Control-M version V9.
Business rule: Job1 starts. As soon as Job1 is completed successfully, Job2 has to start. As soon as Job2 is completed successfully, Job3 has to start.
Therefore what I did is to define Job1 cyclic every 15 minutes and a create a out condition "job1-OK" that is a precondition for Job2, and the same from Job2 to Job3.
I found that if you don't define Job2 and Job3 as cyclic too, they are never ever kicked of again after their first execution. Do you know guys why? what I did to solve this problem is to set Job2 and Job3 cyclic every 15 minutes too, but this makes my "Workflow" < Job1-->Job2-->Job3 > to be messed up because the 15 minutes condition of Job2 is evaluated before my parent Job1 has completed, therefore Job2 never runs if Job1 "cycle" is not in sync with Job2 cycle. Do you know what I mean?

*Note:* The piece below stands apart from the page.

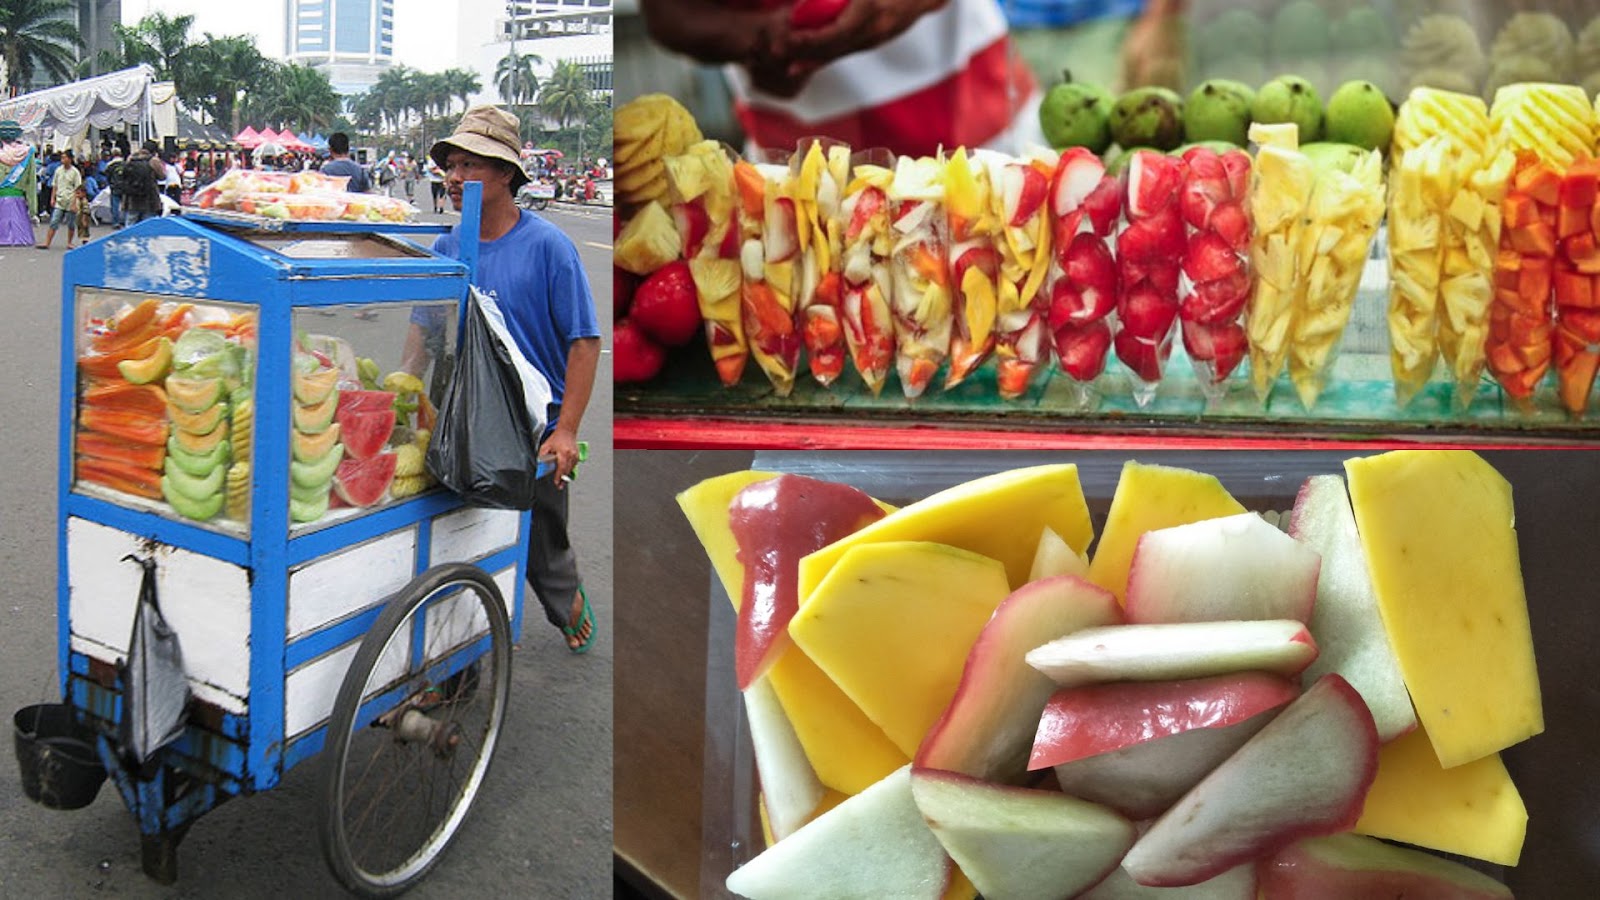 Solusi bisa makan buah murah: beli di abang rujak. (Foto: Google) 
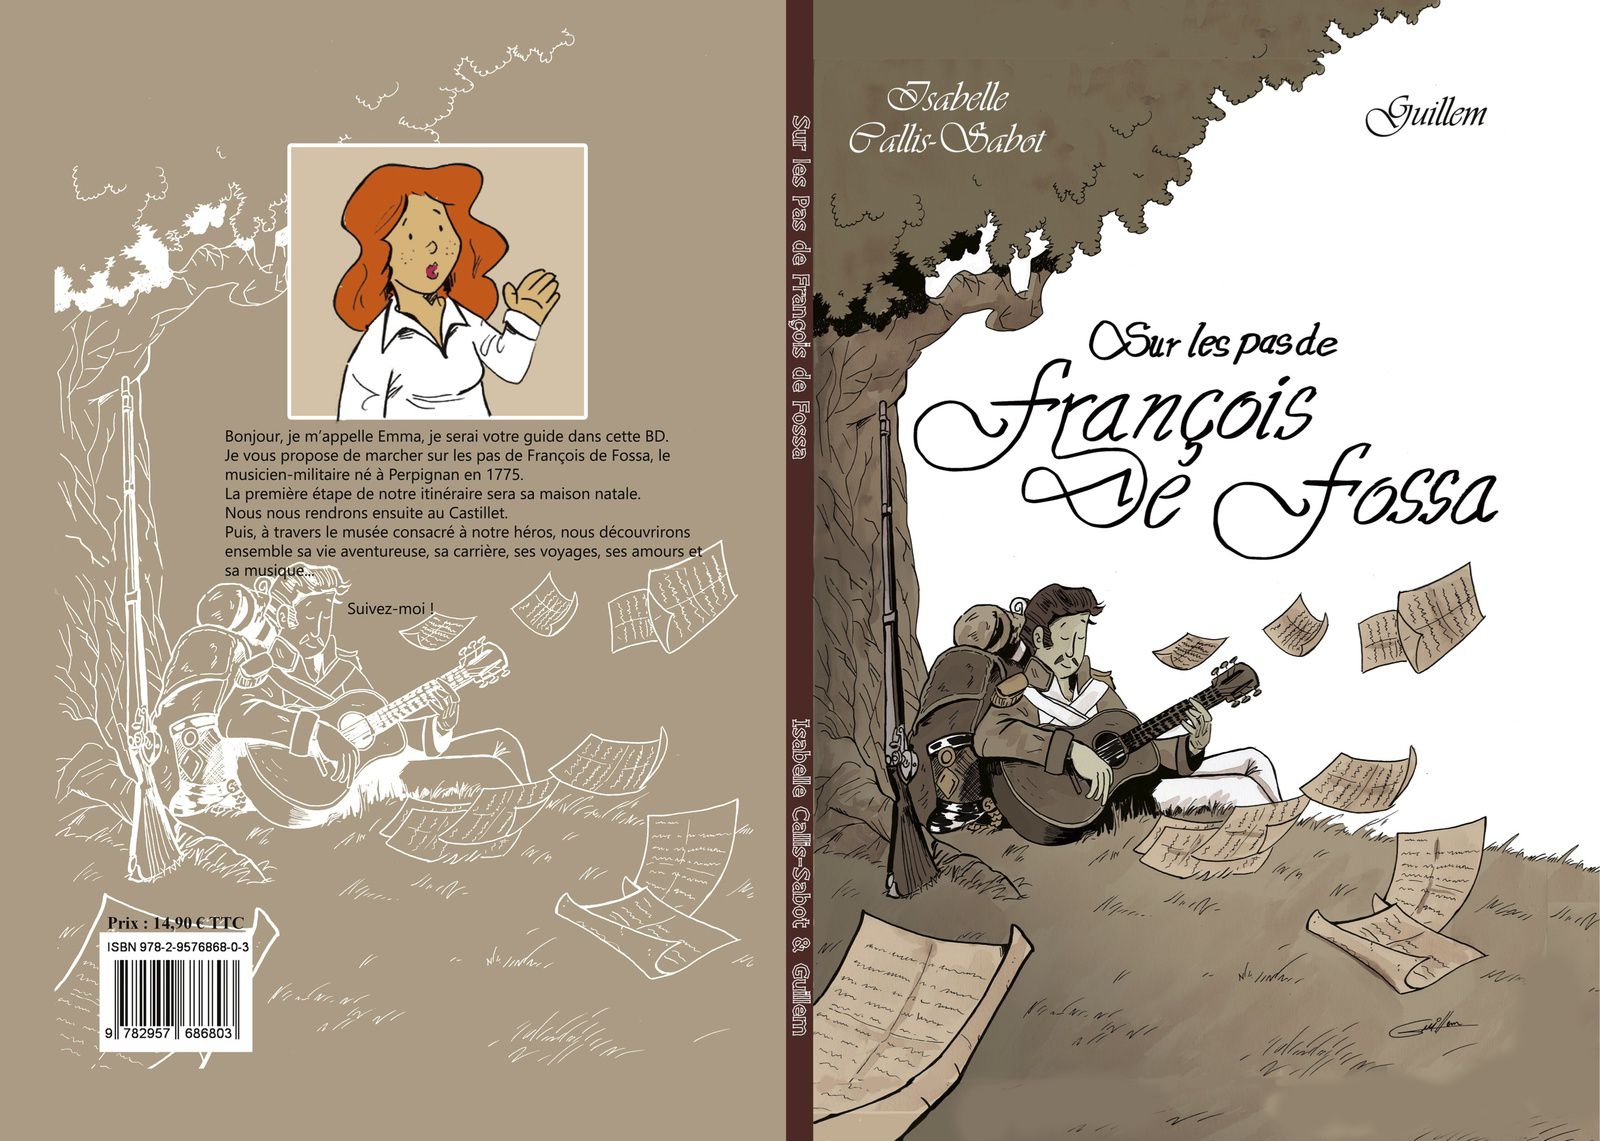 Couverture et premières pages de la BD - Guillem Sangenis, le dessinateur -

Example: Job1 runs in 1 minute, Job1-OK out condition is released and Job2 is kicked off, same from Job2 to Job3. Job1 is now waiting for the next 15 mins cycle, the cycle is hit, it runs and takes 20 minutes run: In parallel, Job2 is waiting for the 15 mins cycle + the out condition from Job1: As soon as the 15 mins cycle of job2 is hit, the pre-condition from Job1 is evaluated, returns false (because Job1 is still running) and Job2 goes to wait condition for the next 15 minutes cycle + Job1-OK out condition required to run Job2. Job1 is completed in 18 minutes and releases "Job1-OK" condition BUT Job2 is not kicked off because the next cycle will happen within the next 12 minutes because Job1 took 18 minutes to run. Therefore, Job2 execution is lost in this cycle.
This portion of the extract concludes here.